Myrio Therapeutics Pty Ltd (Myrio) today announced ground-breaking findings published in the Journal Nature. The study, titled Therapeutic Targeting of Intracellular Oncoproteins with Peptide-Centric CAR T Cells, used chimeric antigen receptor T cells (CAR-T), built using Myrio-discovered scFvs, targeting an intracellular protein in models of the childhood cancer neuroblastoma.

Key findings of the study include:

  • Antibodies with the ability to selectively target peptides from an intracellular protein, PHOX2B, presented on the cell surface by major histocompatibility complex (MHC);
  • Complete eradication of tumors in multiple patient derived xenograft models using CAR-T cells, despite neuroblastoma being a low MHC expressing solid tumor; and
  • ‘Breaking restriction’: the ability of a CAR-T to target the same PHOX2B peptide presented by divergent MHC molecules.

Monoclonal antibody technology has been evolving for 45 years but the target landscape has not changed, being limited to cell-surface and soluble proteins. The ability of Myrio’s Retained Display™ (ReD™) antibody discovery platform to routinely target peptide-MHC complexes opens up a much broader range of therapeutic targets. The presentation of peptides on the cell surface by MHC enables T cells to detect and kill virally infected cells, or those harbouring mutations. Myrio has demonstrated that the target landscape for antibodies goes beyond that of T cells, being able to target non-immunogenic epitopes such as self proteins and most neoantigens.

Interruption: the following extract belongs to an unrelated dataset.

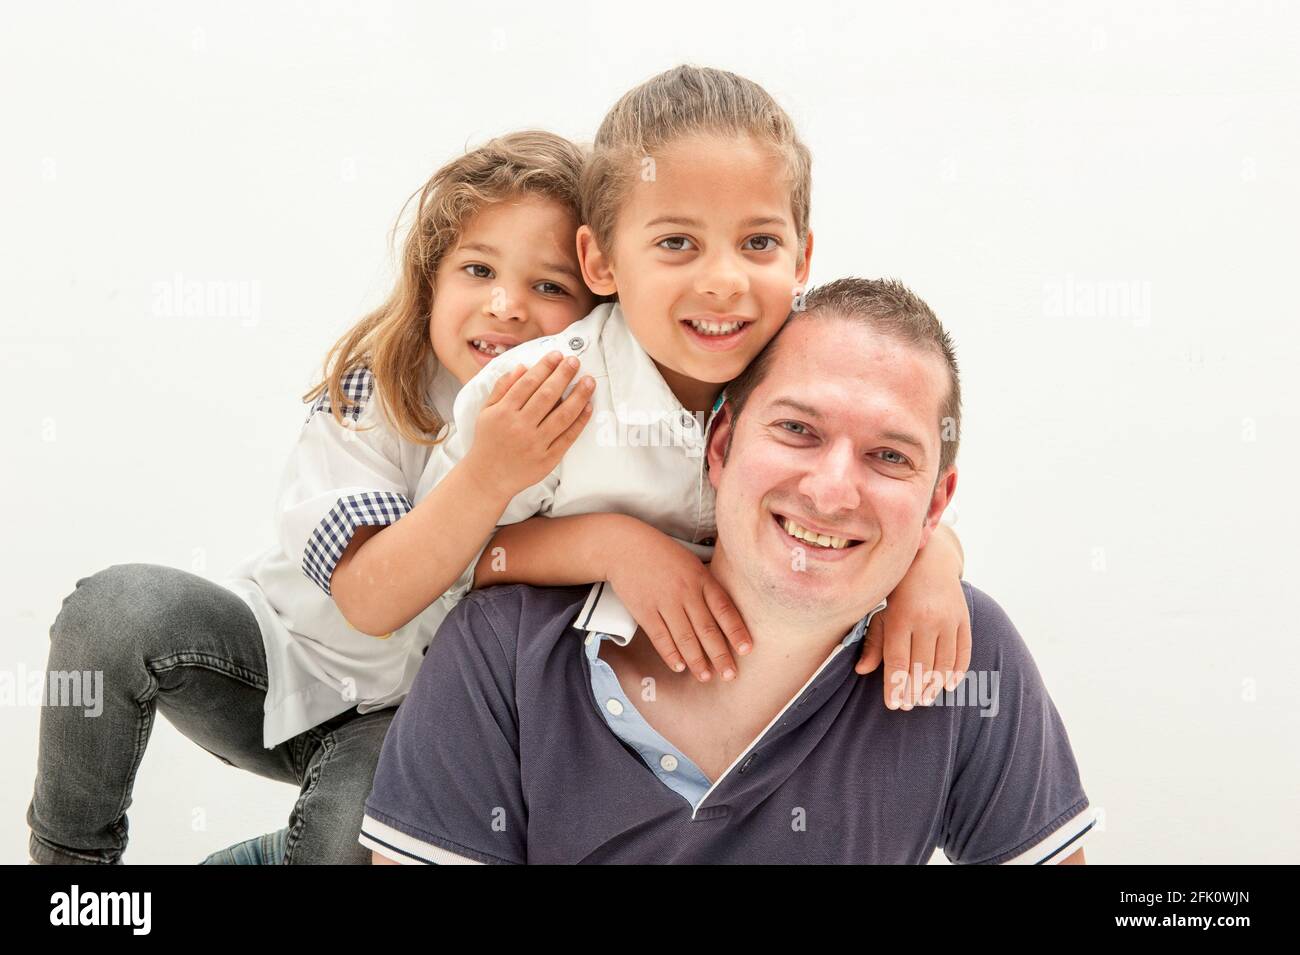 Glücklicher junger kaukasischer Vater, der Spaß mit kleinen multirassischen Kindern hat glücklicher Vater spielt in lustigen Aktivitäten mit kleinen multiethnischen Kindern. Stockfoto

One of the drawbacks of targeting peptide-MHC molecules is the diversity of MHC proteins within populations. This means that a peptide-MHC targeted treatment is ‘restricted’ to only those patients with a specific or closely related MHC.

Myrio Chief Executive Officer Dr. Pete Smith commented:

“The findings of this study represent a paradigm shift – for the first time, MHC restriction has been broken and we will be able to use a single product to treat a much broader patient population. This will improve our ability to recruit to clinical trials, especially in rare disease settings, and also treat patients of diverse ethnic backgrounds and genetics.”

 

The findings outlined in the Nature paper are the result of a collaboration between Professor John Maris’ laboratory at the Children’s Hospital of Philadelphia (CHOP) and Myrio (formerly Affinity Biosciences). The study combined CHOP’s leadership in cancer research and Myrio’s patented ReD™ antibody discovery platform, to identify and target key molecular drivers of neuroblastoma – the most common form of pediatric cancer outside of the central nervous system.

Neuroblastoma remains very challenging to treat, with half of children with high-risk neuroblastoma dying of the disease and many of the survivors suffering long-term complications from their treatments. The study used a newly identified target, PHOX2B, that is highly selective for neuroblastoma and is intimately involved in the biology of the disease.

Lead author Mark Yarmarkovich, PhD said: “Our work with Myrio has generated exquisitely selective antibodies with very potent anti-tumor activity using CAR and other immunotherapy formats. The peptide-centric nature of these antibodies allowed us to test and prove our hypothesis that tumor peptides could be recognized across different HLAs, breaking conventional HLA restriction, which will broaden the application of immunotherapy to more children with these deadly cancers.”

“Together with CHOP, we are planning to move the CAR-T program into the clinic around the end of next year and will use the same approach to target other paediatric cancers with high unmet medical need. We have also deployed the ReD™ platform against a range of other high value viral and oncology targets,” Dr. Pete Smith concluded.

For enquiries relating to the Nature paper or potential partnership opportunities get in touch with the team at Myrio here.

 

About the study

The Therapeutic Targeting of Intracellular Oncoproteins with Peptide-Centric CAR T Cells study was led by John M. Maris, MD, paediatric oncologist at Children’s Hospital of Philadelphia (CHOP) and lead author Mark Yarmakovich, PhD, senior scientist at CHOP. Ben Kiefel, Chief Operating Officer and other staff from Myrio are co-authors on the paper.

Professor Maris is a renowned authority on cancers of childhood with a particular focus on neuroblastoma, the most common cancer to occur in children outside of the central nervous system. The Maris lab identified multiple key molecular drivers of neuroblastoma including the transcription factor ‘paired homeobox-like 2B’ (PHOX2B) which is highly expressed in neuroblastoma and not in any normal tissues.

PHOX2B is an intracellular protein and, like all proteins made within a cell, short peptides derived from it are presented on the cell surface by major histocompatibility complex (MHC) for interrogation by T cells. The study found that Myrio’s ReD™ platform is uniquely able to find highly specific human antibodies that bind to peptide-MHC complexes and successfully generated antibodies that selectively target PHOX2B. The antibodies were used to direct T cells to target neuroblastoma using chimeric antigen receptors (CARs), achieving the aforementioned results.